● Data under study:
^^^^^^^^

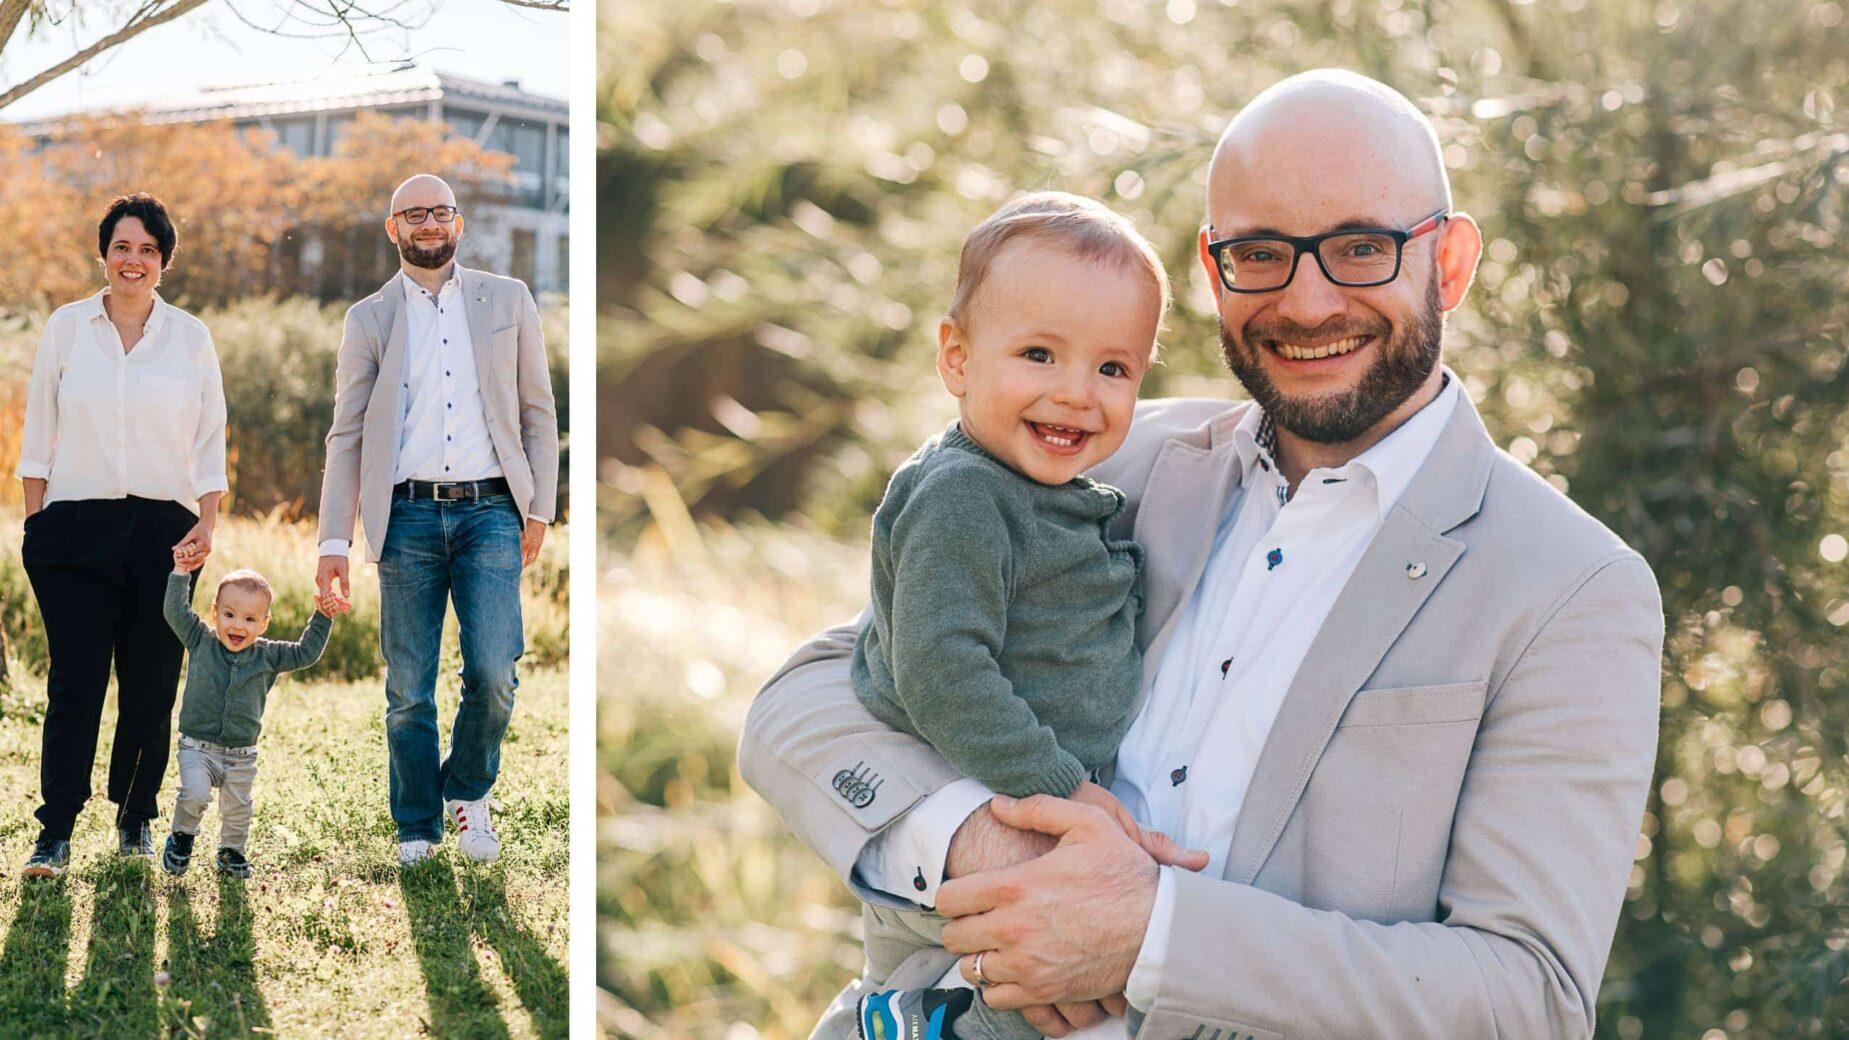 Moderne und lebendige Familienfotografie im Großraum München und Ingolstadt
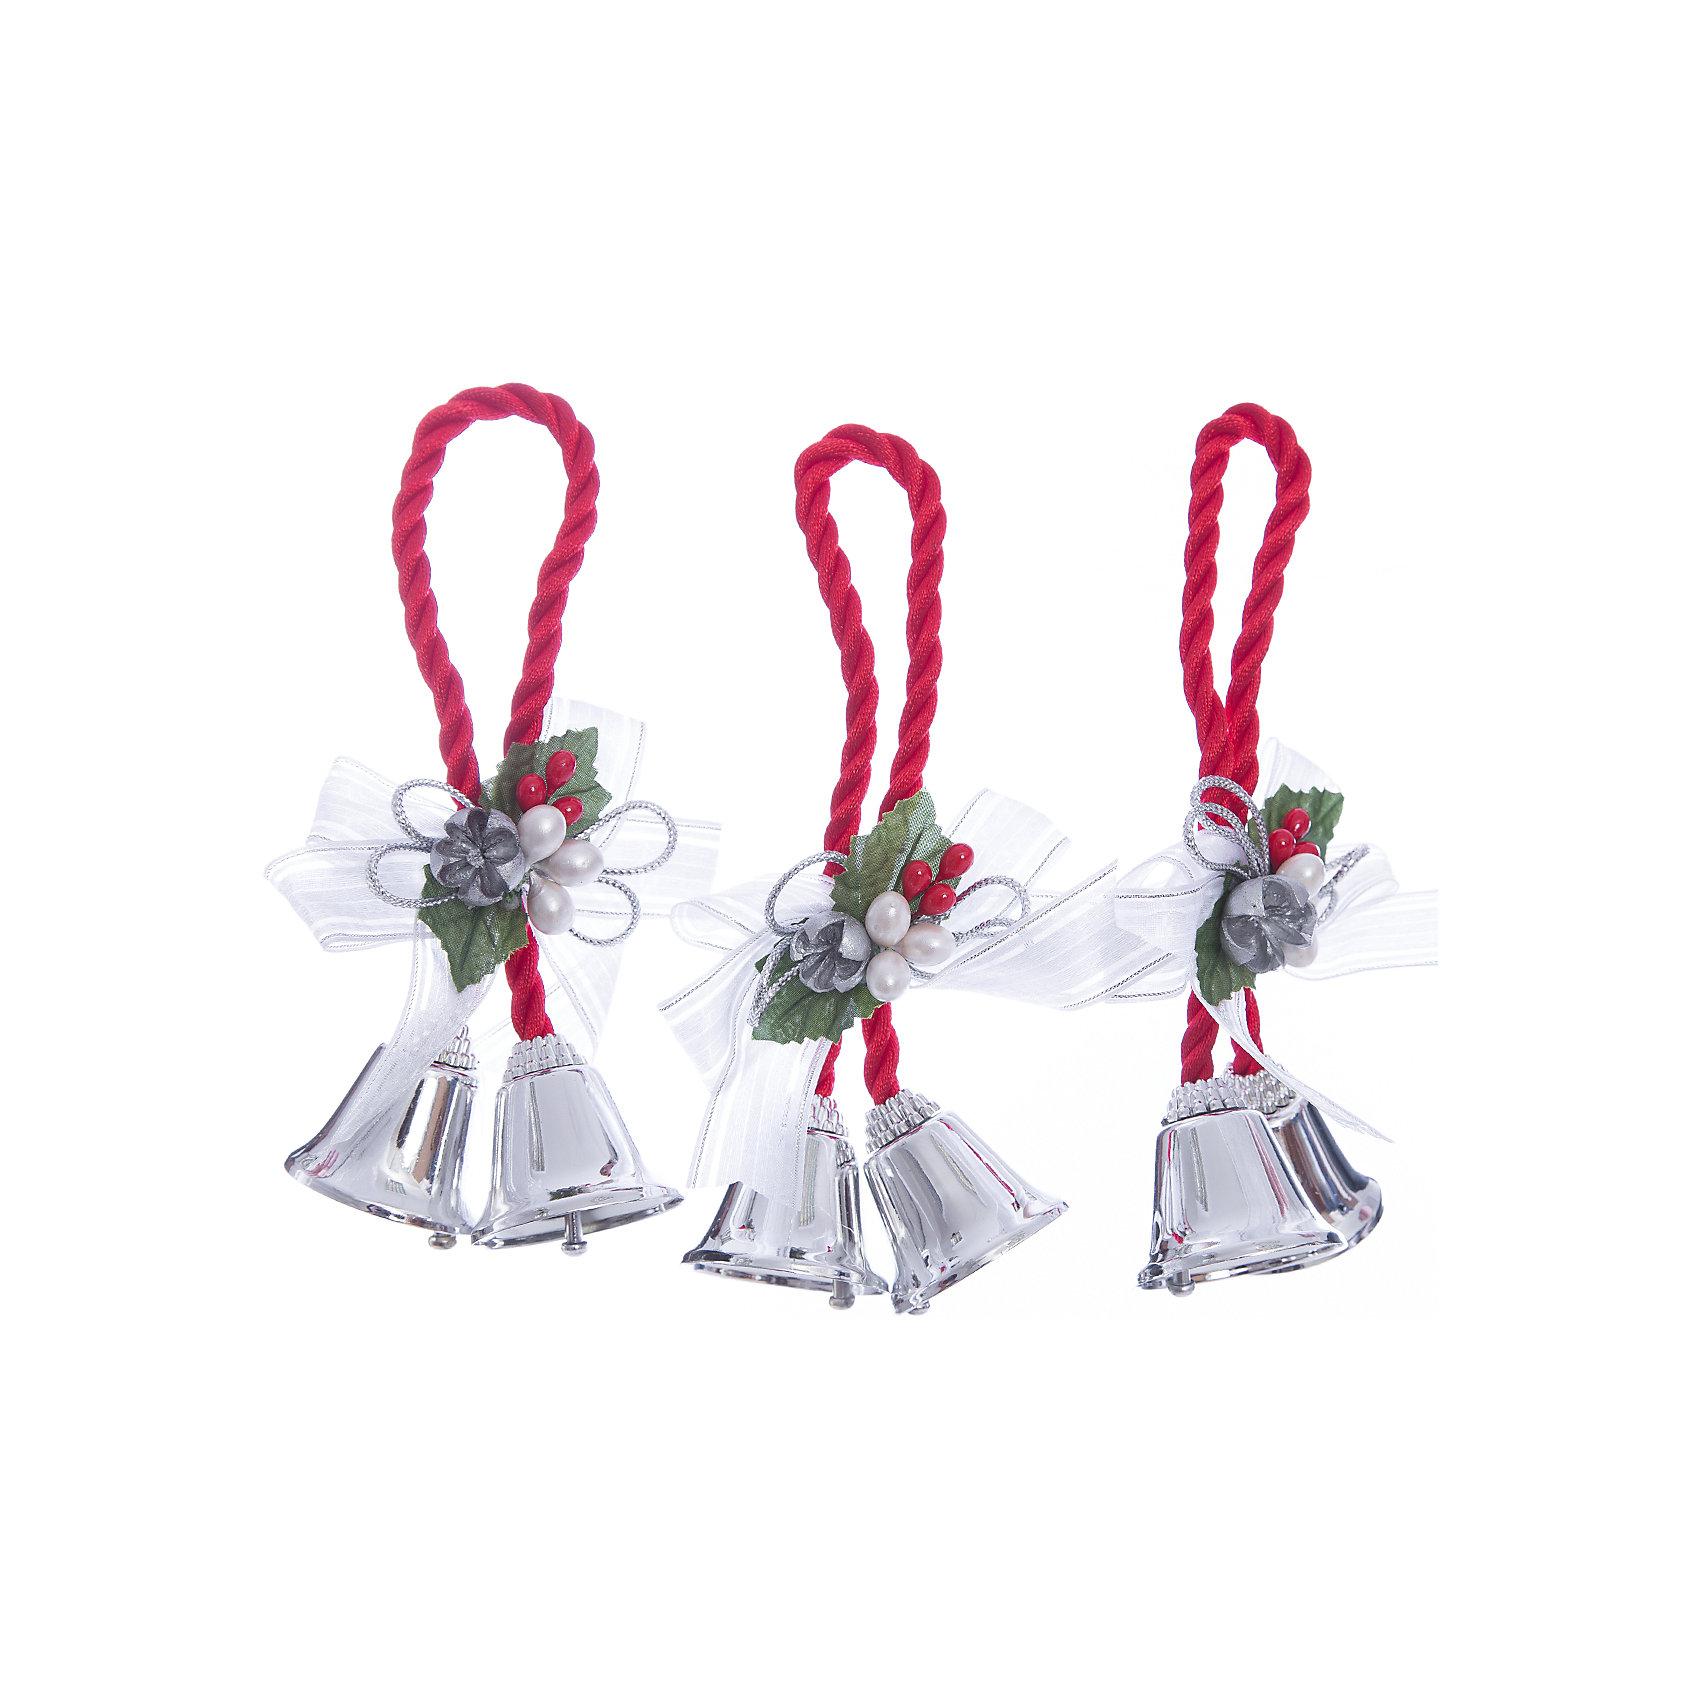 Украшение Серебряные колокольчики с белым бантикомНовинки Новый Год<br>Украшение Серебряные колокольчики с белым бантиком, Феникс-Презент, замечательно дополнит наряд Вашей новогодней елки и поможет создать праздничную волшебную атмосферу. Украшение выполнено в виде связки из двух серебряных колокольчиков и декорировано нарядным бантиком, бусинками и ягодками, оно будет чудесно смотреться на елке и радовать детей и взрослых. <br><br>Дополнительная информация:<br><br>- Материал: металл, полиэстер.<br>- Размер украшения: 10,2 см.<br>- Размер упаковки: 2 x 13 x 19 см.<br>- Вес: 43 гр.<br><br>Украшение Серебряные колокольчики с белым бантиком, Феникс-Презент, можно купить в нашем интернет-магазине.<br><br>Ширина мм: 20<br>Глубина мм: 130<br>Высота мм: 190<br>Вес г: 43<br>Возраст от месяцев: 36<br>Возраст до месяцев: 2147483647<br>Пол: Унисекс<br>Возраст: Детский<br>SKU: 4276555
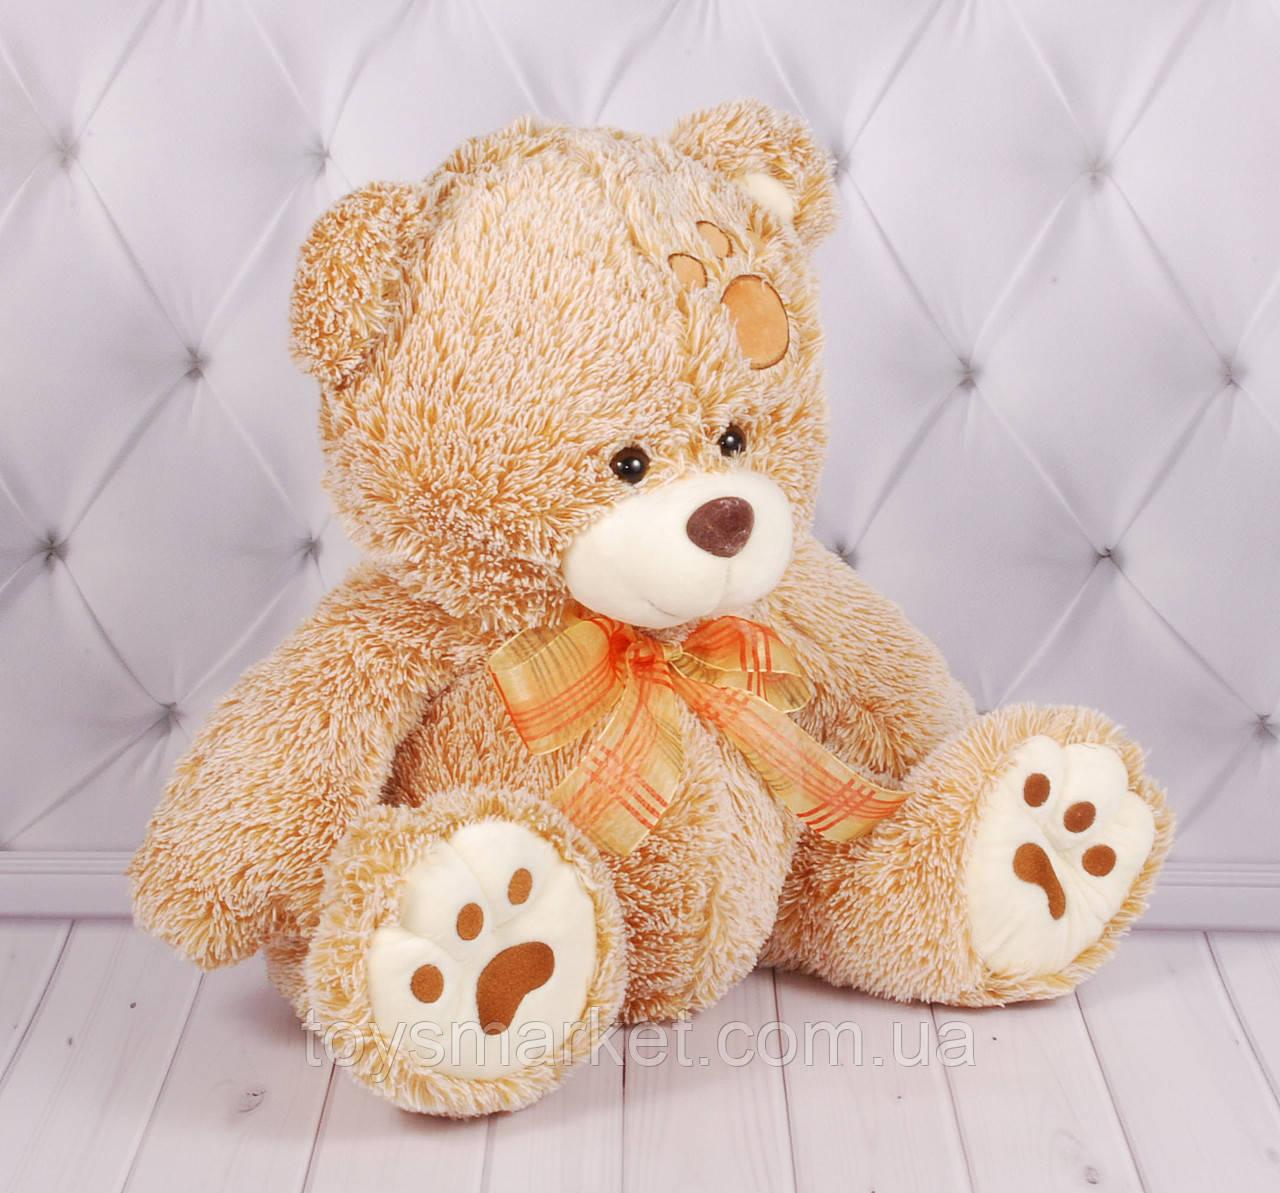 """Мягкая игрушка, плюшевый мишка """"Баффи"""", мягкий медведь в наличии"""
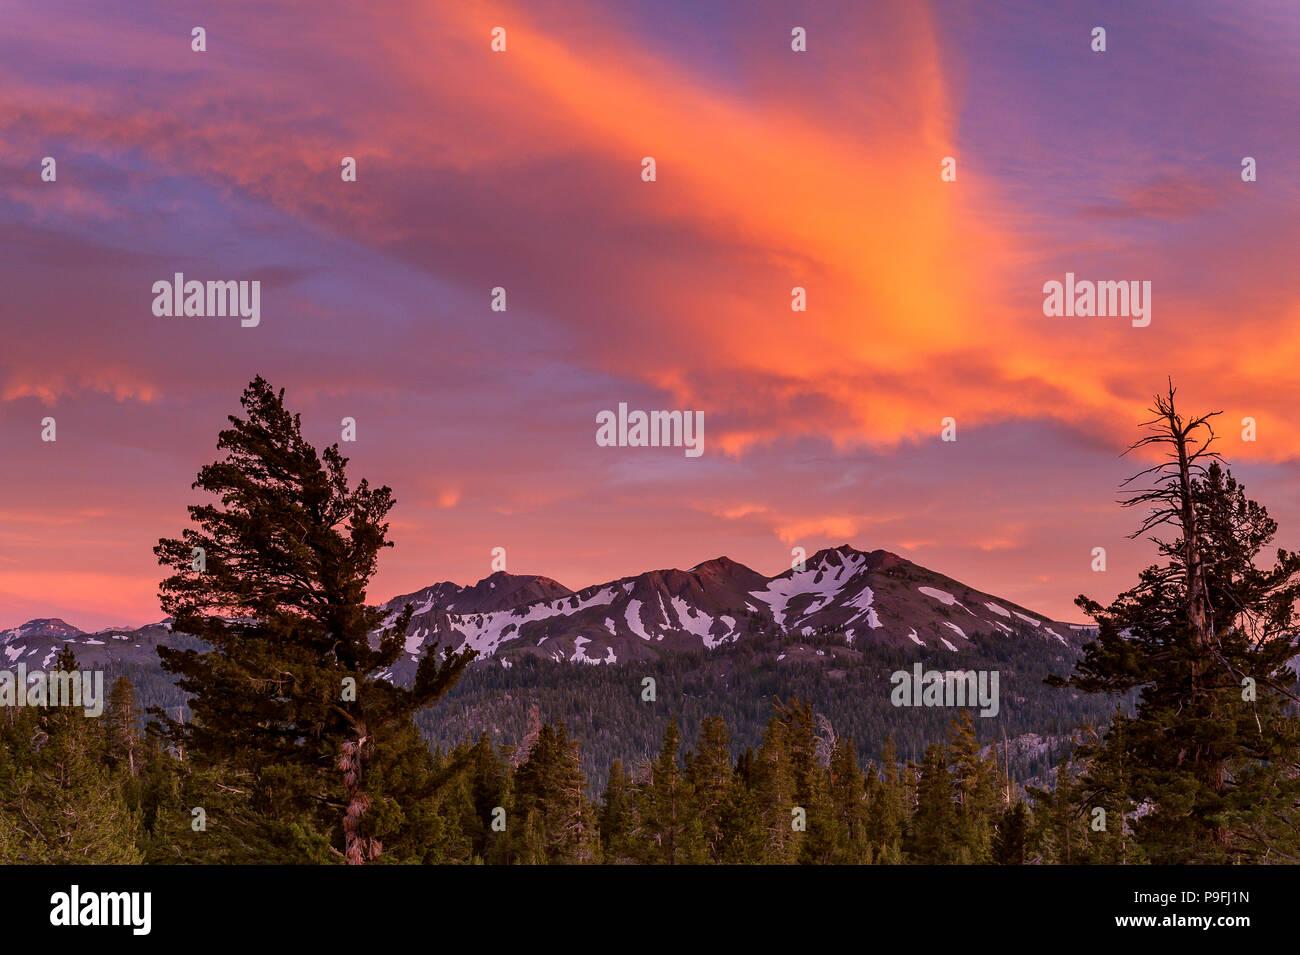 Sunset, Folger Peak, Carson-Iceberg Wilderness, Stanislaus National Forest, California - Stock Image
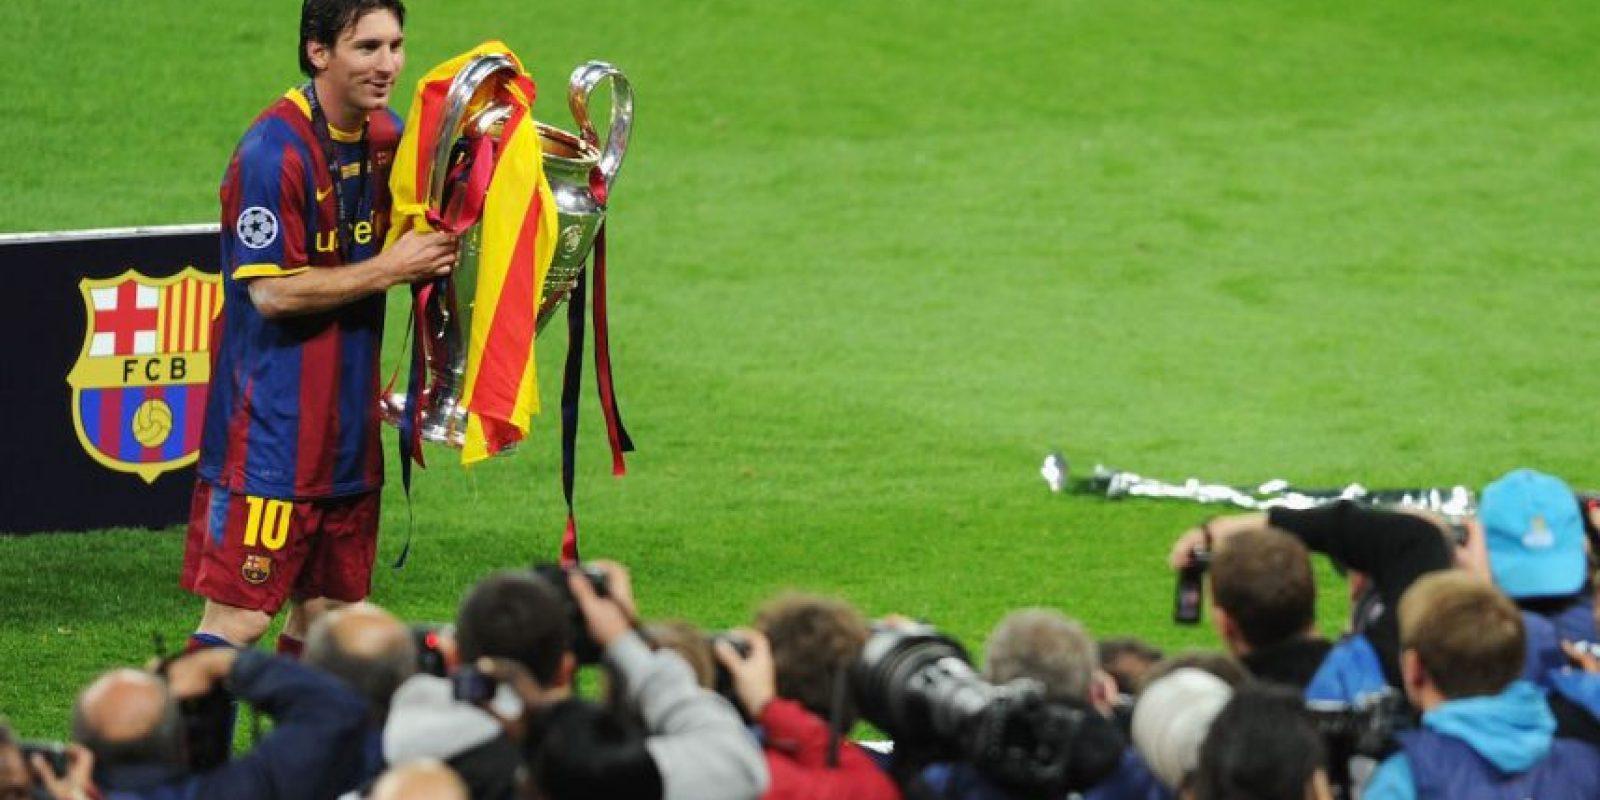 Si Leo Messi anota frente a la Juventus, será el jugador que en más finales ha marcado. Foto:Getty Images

^^^^^^^^

Write the lines out exactly, beginning at the line that holds "игрушка, плюшевый мишка" and stopping after the last line of the entries; include no pictures.

● Answer section:
 """Мягкая игрушка, плюшевый мишка """"Баффи"""", мягкий медведь в наличии"""
 Sunset, Folger Peak, Carson-Iceberg Wilderness, Stanislaus National Forest, California - Stock Image
 Si Leo Messi anota frente a la Juventus, será el jugador que en más finales ha marcado. Foto:Getty Images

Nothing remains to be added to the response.